Hi there,
New to these boards, relatively new to BASE SAS. I'm trying to figure out how to create a formula that checks if the sum of multiple transactions for a particular user are above a certain threshold (in this case than the total for the previous month), and flags if so. The logic is something like this:
flag_variable = IF((SUM(transaction_value) BY user_id AND month) > (SUM(transaction_value) BY user_id AND month-1) THEN 1 ELSE 0
So essentially I'm trying to check if transactions for a particular user last month are greater than this month, and write the variable value as 1 if so.
My data looks something like this:
TRANSACTION_ID,TRANSACTION_VALUE,USER,MONTH,FLAG_VARIABLE
123,$30,001,5,0
124,$150,002,6,1
125,$25,001,6,0
126,$99,002,5,0
127,$55,001,5,0
128,$10,002,5,0
So you can see I have multiple users conducting multiple transactions over multiple months. I want to sum the amount transacted per user per month, compare it to last month, and flag if it has increased. In this case, the flag_variable value for transaction_ID 124 would be 1, because total transaction value for user 002 has increased from month 5 to month 6.
I'm sure there is a simple way to do this but I'm new at this and haven't found anything online that does this specifically. Thanks!
To help you I need an example of lines where the flags differ form expected, your expected flags on each line and
some explanation.
Its not exactly clear what you want as final output. Do you want that flag on each transaction even though you've summed them up?
1. You have to sum by month and user id -> Proc means/summary/univariate or Proc SQL
2. Sort by UserID - month descending
3. Use LAG() function to compare to previous months values and determine flag
4. Merge back in with original data if desired.
Hi Reeza,
Thanks for your reply. I want that flag on each transaction on the original dataset. So I don't need to keep those sums, I just need to calculate them to determine whether to flag or not. So the final result will not be a summary table or any sort of report, just an additional column on the original dataset with either 0 or 1 next to each transaction.
Few steps to achieve your target:
1) Import data into sas dataset. Are your transactions already in a sas table ?
if not - what kind of file is it ? CSV / excel / other ?
2) Sum transactions value per user, each month in different variable (sum01, sum02, ...sum12).
How many months are in the data file ?
Do you have transactions of different years in same data file ?
If yes, you need a year beyond the month.
Thus can be done either by SQL or by base sas;
Th help you we need your answers to the above questions.
Thanks, Shmuel. Replies to your questions:
1) Data comes from a csv file with many other fields.
2) Currently about 6 months, over 2 years (2015 and 2016)
I am indifferent to using base SAS or SQL, so whatever works best. Thanks!

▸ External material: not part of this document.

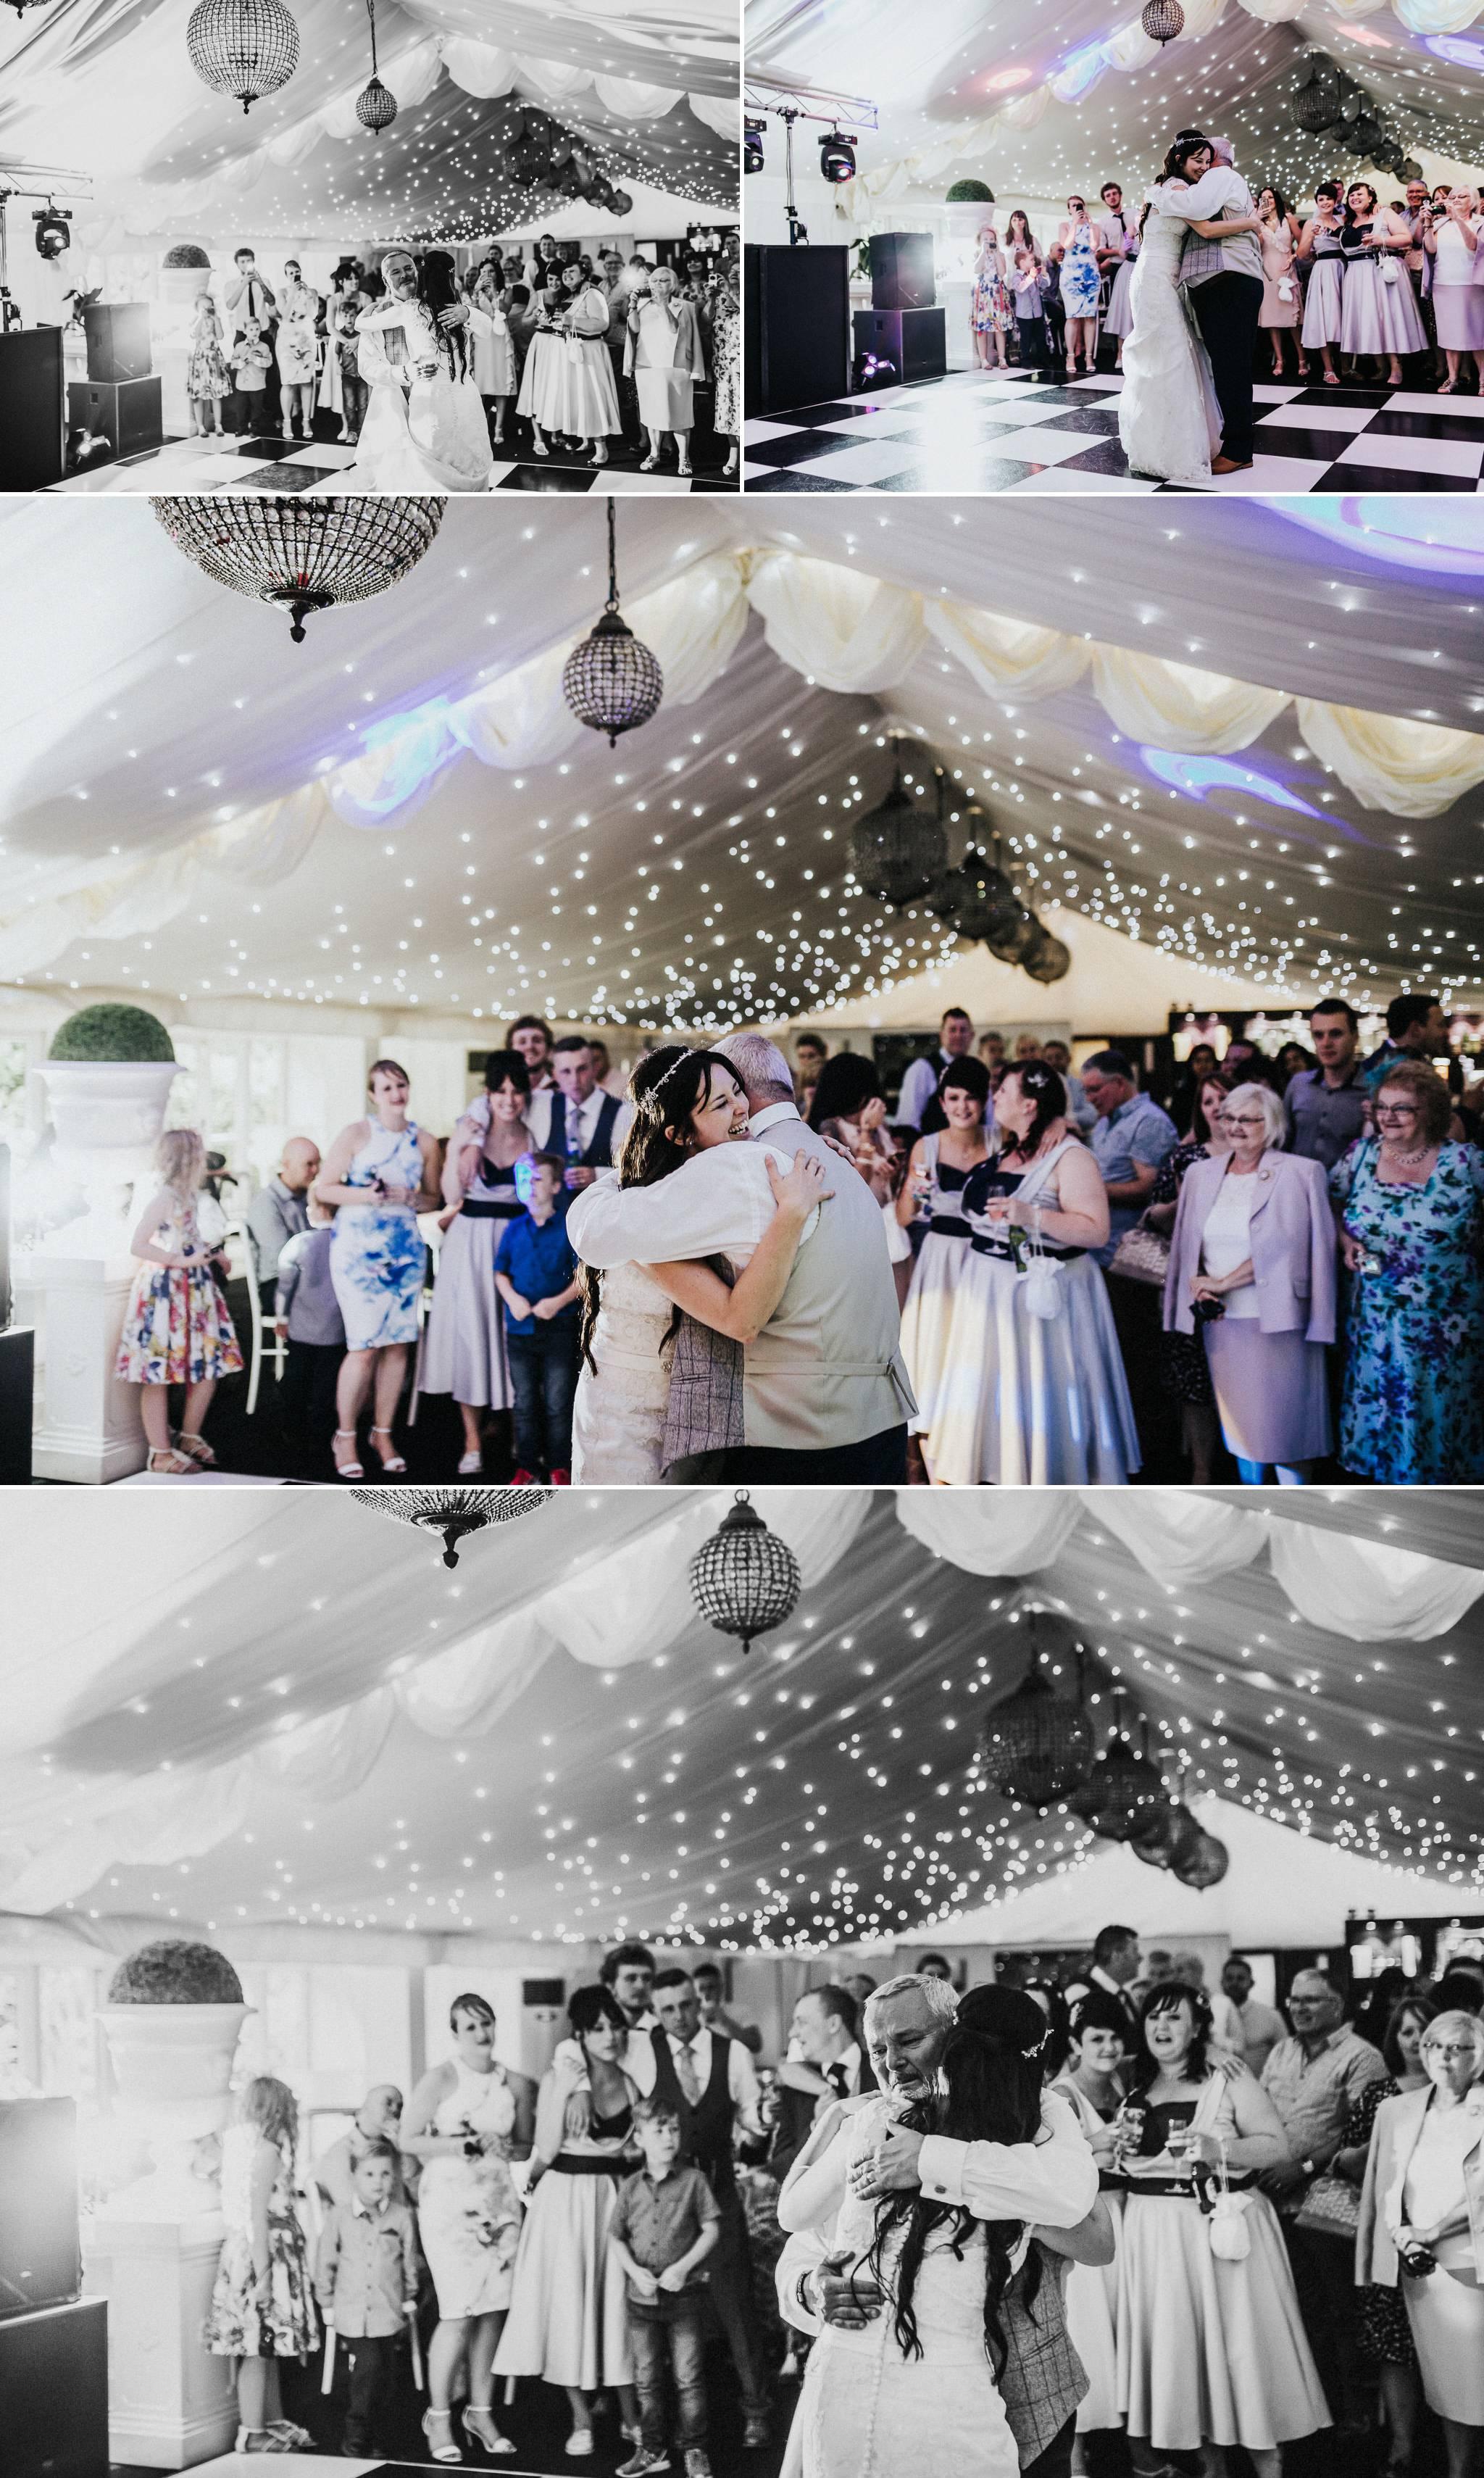 moxhull-hall-wedding-photography 21.jpg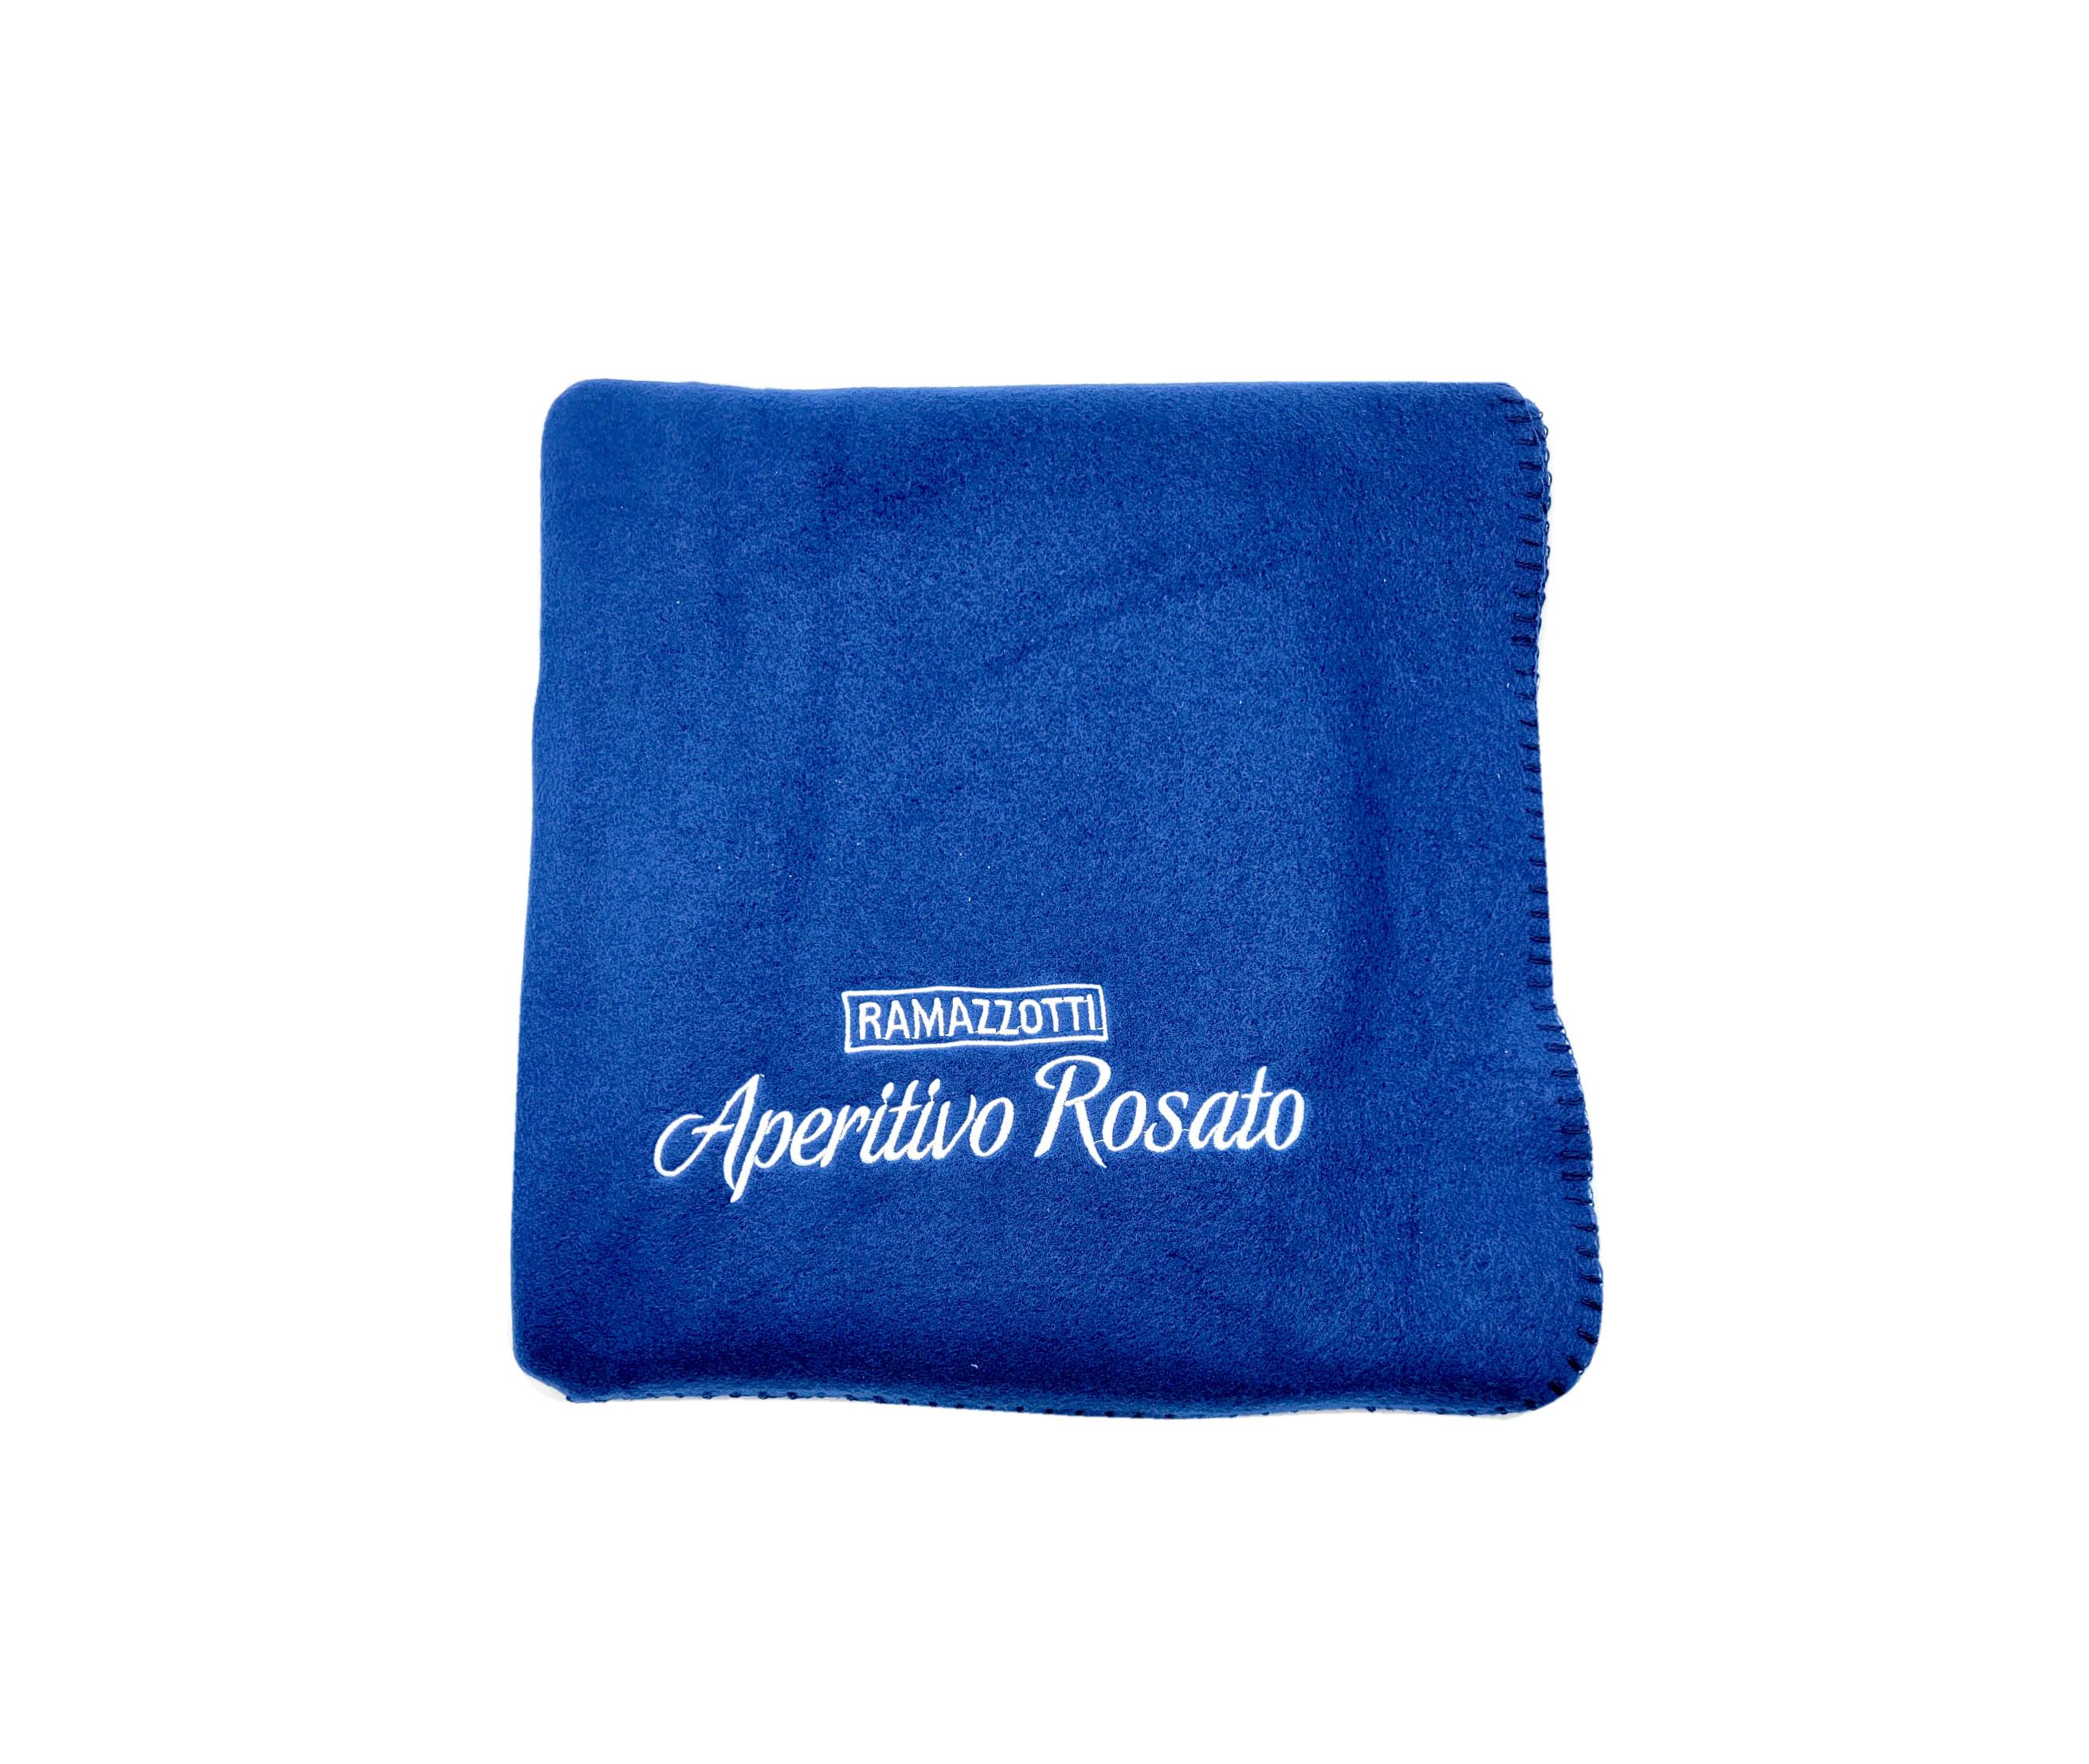 Ramazzotti Aperitivo Rosato Decke Kuscheldecke 100% Polyester - blau - ca. 150x120cm

/* step 1 - importing the data into sas */
filename trans CSV 'C:\ ...path to and file name... .CSV';
data trans;
infile trans dlm=',' truncover;
input TRANSACTION_ID
TRANSACTION_VALUE
USER
MONTH
YEAR
;
transaction_month = mdy(month, 01, year); /* create a date variable */
run;
/* step 2 - summarizing */
proc sql;
create table tr_sum as select
user, transaction_month
sum(transaction_value) as tr_sum
from trans
group by user, transaction_month
order by user, transaction_month descending;
quit;
/* step 3 - calculating the flag */
data tr_flag;
set tr_sum;
by user transaction_month descending;
if first.user then flag=0; else
if tr_sum > lag(tr_sum) then flag = 1;
else flag=0;
run;
/* step 4 - merging the flag in the original dataset */
proc sql;
create table trans_new as select
t.*, s.flag
from trans as t
left join tr_sum as s
on t.user = s.user and
t.transaction_month = s.transaction_month
order by TRANSACTION_ID, USER, year, MONTH; /* adapt it to your needs */
quit;
Thanks, this looks good, I think. Trying it out, and I'm getting some errors. Here is the log (note that the variable names are somewhat different, and that there is a lot of code before (including the data import) which I've left out). I think if I fix line 462 it may work. Note that there may be some inconsistencies there, I had to change a couple of variable names and such due to posting publicly.
Thanks!
===
data COMBINED_DATA;
455 set COMBINED_DATA;
456 temp_trans_date = mdy(trans_mo,01,trans_yr) ;
457 run;
NOTE: There were 43528 observations read from the data set WORK.COMBINED_DATA.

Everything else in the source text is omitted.